Alzheimer’s disease (AD) is characterized by the accumulation of amyloid deposits mainly formed by the beta amyloid peptide (Aβ) and by the presence of neurofibrillary tangles formed from abnormal forms of the Tau protein. Animal genetic models of the disease are produced by the induction of Aβ overexpression (by adding transgenes encoding human forms of APP or PS1) or overexpression of abnormal forms of Tau (by adding transgenes coding for human Tau forms) [151]. In all AD models, an overexpression of TSPO is observed [3, 6, 152,153,154,155,156,157,158,159]. However, there is no consensus on the cellular origin of TSPO [160]. Indeed, in the APP23 transgenic (Tg) mice model, astrocytes represent the cellular source of TSPO expression in the vicinity of extracellular amyloid deposits [153]. In contrast to this model, the PS19 Tg mice show microglia TSPO expression [153]. The presence of a significant spatial correlation between [3H](R)-PK11195 binding and IBA1 staining that is not present in the case of GFAP staining suggests that the origin of TSPO is predominantly microglial in the APPSWE/PSEN1ΔE9 mice model [3]. However, double immunofluorescence revealed that the cellular origin of TSPO may mainly be microglial although TSPO+GFAP+ cells were also present [154]. The predominance of a microglial origin to the TSPO binding is also observed in the 3xTgAD model (APPSWE/PS1M146V/TauP301L) with the use of IBA1 and GFAP co-staining with TSPO [159]. In a model combining three APP mutations and two PS1 mutations (5XFAD), colocalization of TSPO with GFAP or S100β for astrocytes is absent while TSPO+IBA1+ cells are observed. Interestingly, Liu et al. (2005) also reported that subtypes of microglial cells are differentially contributing to the expression of TSPO. Indeed, TSPO strongly colocalizes with the CD68 microglial pro-inflammatory marker. In addition, TSPO is also present in microglia positive for the CD206 anti-inflammatory marker when these cells are in the vicinity of the amyloid deposits [154]. Thus, the complexity of glial cell types and the differential expression of TSPO by the various subclasses of glial cells add another level of complexity that needs to be further studied.

Schizophrenia

In contrast to the aforementioned pathologies, the density of TSPO is decreased in schizophrenia (see details in the next chapter). Using the maternal immune activation (MIA) animal model of schizophrenia, a decrease in the TSPO levels was reported [161]. The authors observed a decrease in colocalization of TSPO with IBA1, GFAP, and Glut1 (a marker of the brain vasculature) [161], suggesting the involvement of multiple different cell types.

General considerations

Overall, it is important to discuss several critical issues. First, the assessment of TSPO in other cell types than microglia has not been examined systematically, e.g., in astrocytes and even less in endothelial cells. Secondly, many studies use IBA1 as a marker of microglia, but it represents a ubiquitous labeling of this cell type and not of any specific activated forms or phenotypes. Without a more in-depth analysis of the TSPO+IBA1+ cells, it cannot be completely affirmed that it is indeed active microglia and even if it is, the pathophysiological significance of a particular phenotype of activated microglia or indeed other cells of the monocyte family that also express IBA1. In this context, several reports using mouse primary glial cell cultures demonstrate that TSPO is more likely to be modified in activated (by pro-inflammatory stimuli) forms of microglia and astrocytes [139, 162, 163]. Finally, studies of the number of cells expressing TSPO based on immunofluorescence do not determine if a change in the number of TSPO binding sites per cell is present. Finally, although evidence is scarce, a direct implication of TSPO on the pathophysiology of the various neuropsychiatric conditions may not be ruled out.
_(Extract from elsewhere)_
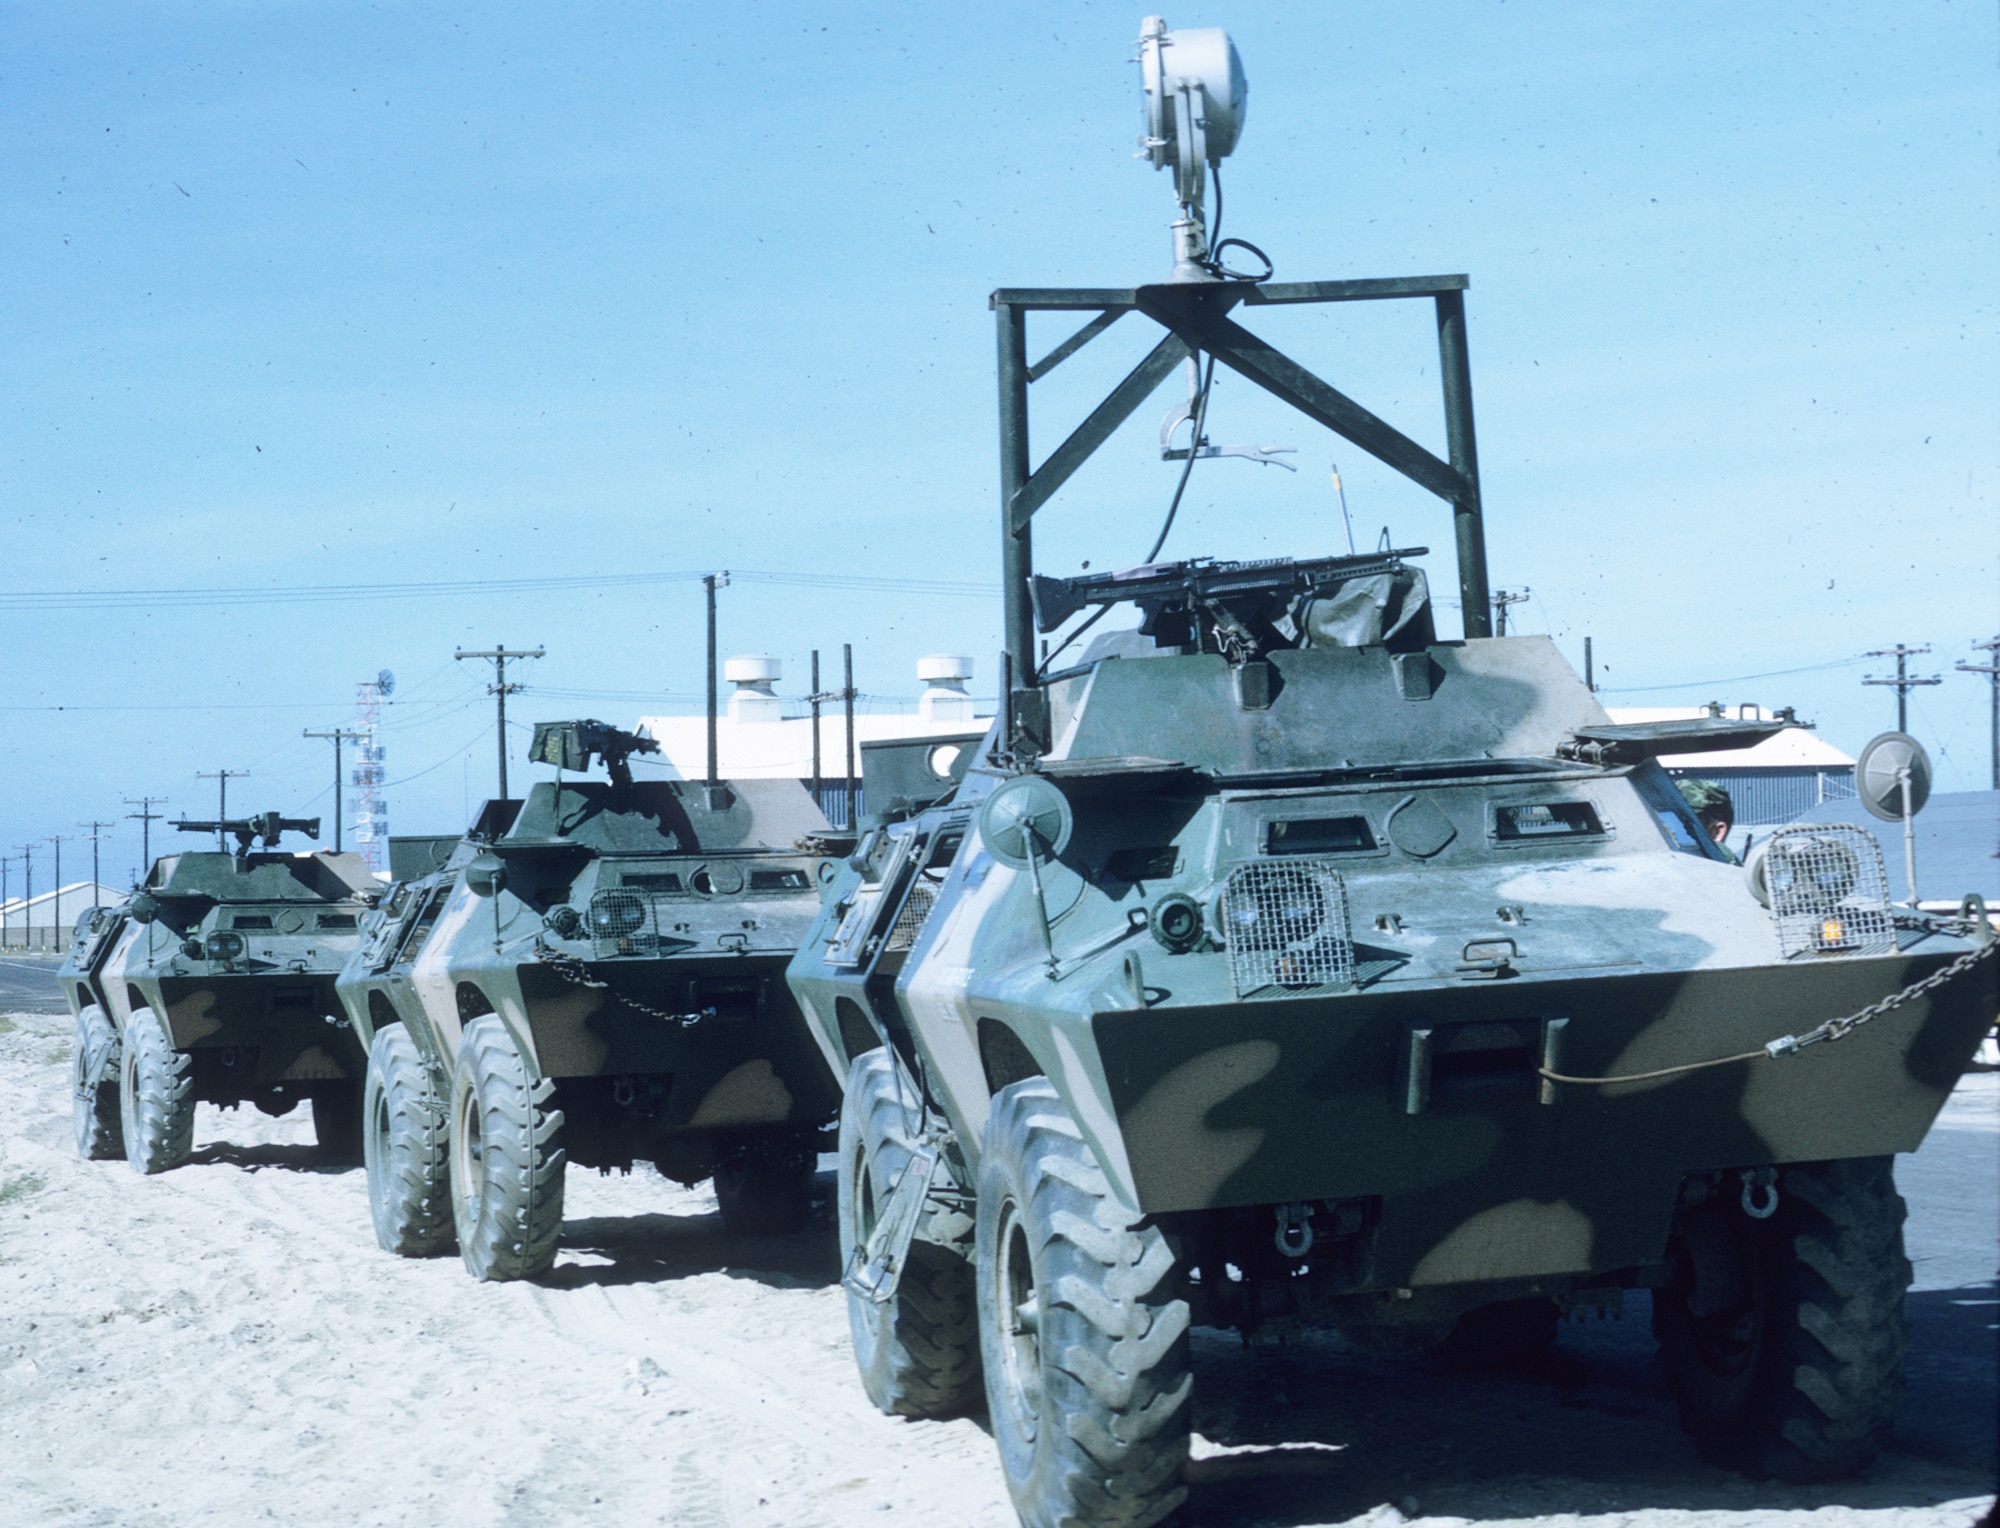 Security Police finally started receiving badly-needed armored vehicles in late 1968.  Pictured here are V-100 armored personnel carriers. The one in the front is also equipped with a searchlight. (U.S. Air Force photo).

TSPO expression in human CNS in health, aging, and neurological disease

The cell origin of TSPO according to the human pathology is summarized in Table 2.

Table 2 TSPO cell origin in human neurological diseases

Health and aging

Little is known of the distribution and expression of TSPO during development, healthy aging, and how such expression differs in regions of the CNS in humans. Consideration of these features, as well as the mode of analysis, e.g. PET, autoradiography, quantitative assays, or pathology of postmortem (PM) brain, is of key importance to explain TSPO expression in PET imaging.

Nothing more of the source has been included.